Виталик послушно уселся на краешек нар, раздумывая над тем, как мерзко начинается новая полоса в его жизни. Не успев перешагнуть порог тесной, переполненной людьми камеры, где ему предстоит ждать суда, он уже вступил в конфликт с ее обитателями. И кто этот Юрист, что за человек, откуда он должен вернуться и когда?
Парень, предложивший обменяться рубашками, поднялся с пола и забрался на нары, стараясь не глядеть в сторону Манакова. Придя в себя после неожиданной стычки, Виталий принялся разглядывать сокамерников. В камере на четверых сидело семеро. Двое пожилых людей, тощий и толстый в очках, похожий на шеф-повара. Тощий — с редкими волосами, в мятом синем костюме и полосатой рубахе с расстегнутым воротом, открывавшим морщинистую, как у черепахи, шею.
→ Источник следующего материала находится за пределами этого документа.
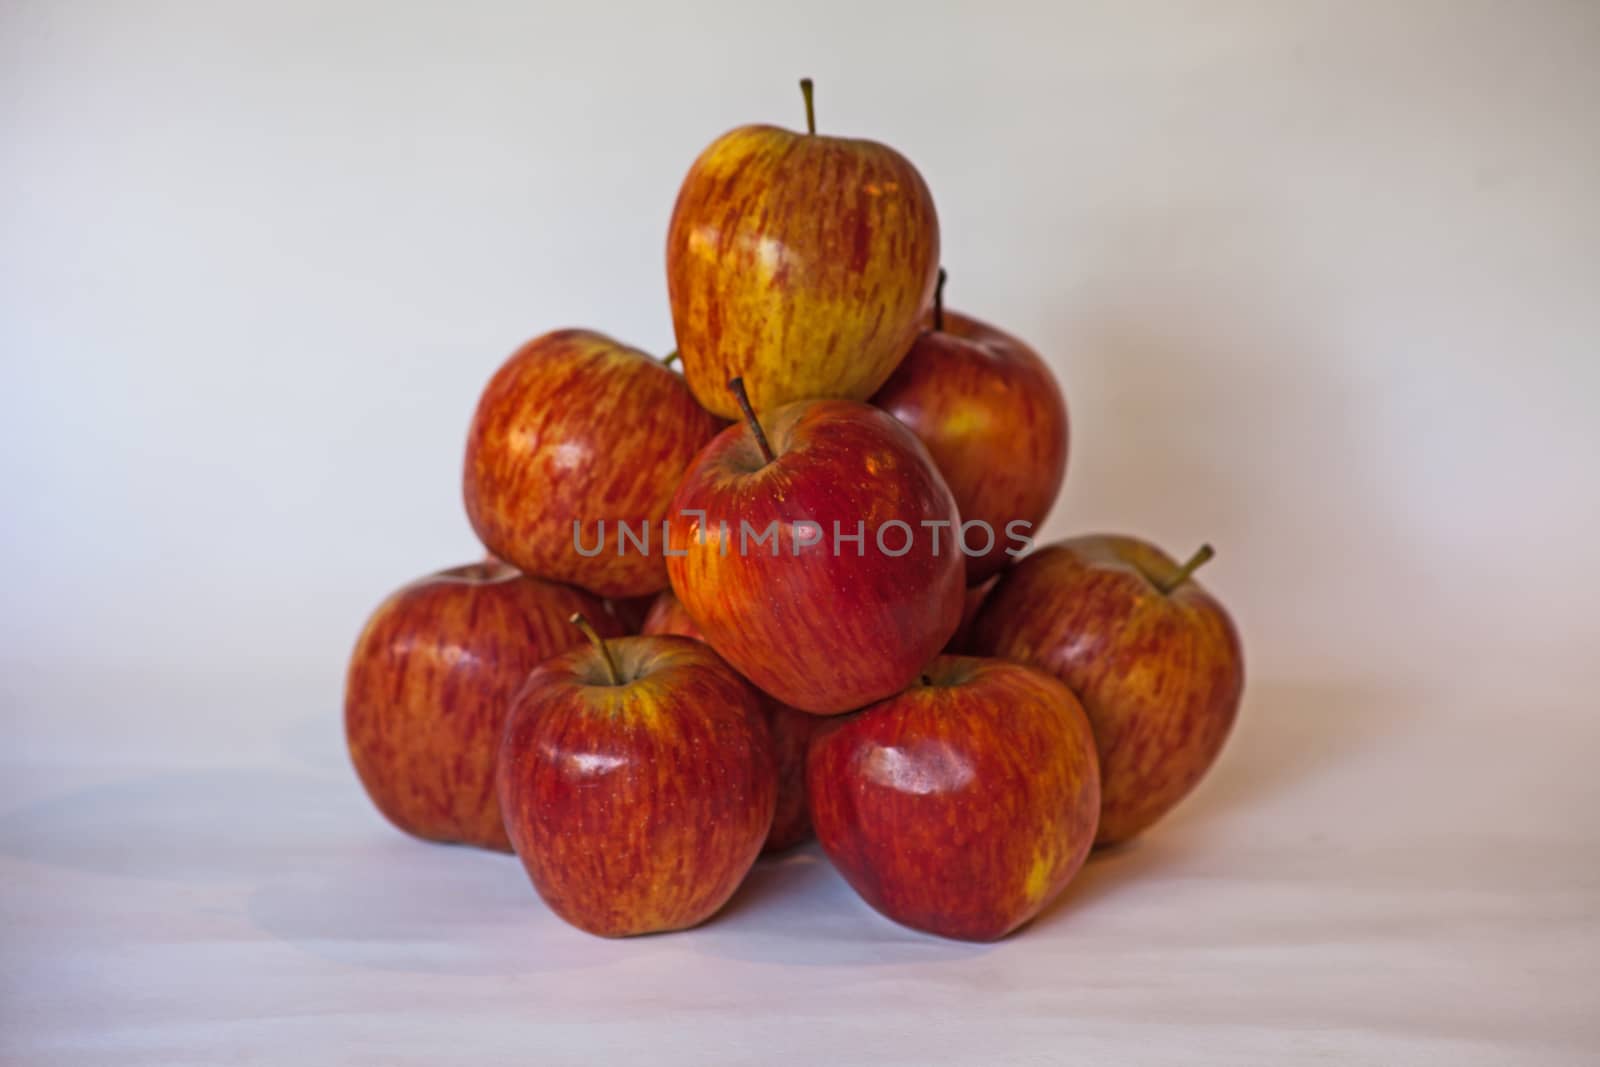 Stacked Red Apples by kobus_peche

Галстуки, шнурки, ремни и подтяжки отбирали, как и часы, зажигалки, документы, деньги, перочинные ножи и многое другое, о чем вольный человек даже не задумывается, таская подобную мелочь в карманах. Даже ботинки на каблуках, из которых можно извлечь супинаторы, отбирают и дают старые резиновые сапоги с обрезанными голенищами.
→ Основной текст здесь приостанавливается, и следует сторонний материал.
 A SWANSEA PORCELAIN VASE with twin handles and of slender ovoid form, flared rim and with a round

Молодых в камере трое, не считая самого Манакова. Один — тот самый парень, с которым он успел подраться, второй — патлатый мужик в линялой футболке и рваных джинсах, дрыхнувший на нарах, третий — с татуировками на мускулистых руках и начинавшими отрастать щегольскими усиками на сухом загорелом лице, — усевшись за столом, читал газету.
Снова лязгнул замок, и в камеру вошел средних лет человек в вельветовом костюме. Растирая запястья от намявших их браслетов наручников, он сел напротив татуированного и кивком подозвал к себе Виталия. Тот подошел, поняв, что вернулся Юрист.
— Новенький? Статья?
— Восемьдесят восьмая, — запомнив первый урок, ответил Манаков.
— Куришь?
Виталик достал пачку «Мальборо» и протянул ее человеку в вельветовом костюме.
— О! — Взяв пачку, тот провел ею около своего носа, жадно втягивая широкими ноздрями аромат хорошего табака. — Богатые! Еще пришлют?
— Не знаю, если разрешат, — пожал плечами Манаков.
— С Моней подрался, — складывая газету, буднично сообщил татуированный. — Отказался от менки. Определили место у параши.
Юрист окинул Манакова изучающим взглядом, отметив тщательно скрываемую растерянность, напряженное ожидание и в то же время жажду общения, поддержки. В глазах новенького затаился страх, мелкий, подленький, — страх одиночки перед уже успевшей сложиться в камере общностью людей, совершенно ему незнакомых и черт знает на что способных.
— Зря, — доставая из пачки сигарету, усмехнулся Юрист. — Парень, по всему видно, свой. Как тебя зовут? Виталий? Можно без отчества, здесь не дипломатический раут, к моему глубокому сожалению. Но раз уж судьбина забросила нас сюда, приходится мириться. Моне дашь из передачки что-нибудь получше и курева, а то у него здесь ни одного кореша нет, да и родни не осталось, некому прислать. На этом будем считать инцидент исчерпанным, а у параши ляжет наш старикан. Ему все равно завтра-послезавтра на судилище, потом в собачник и по этапу. Все!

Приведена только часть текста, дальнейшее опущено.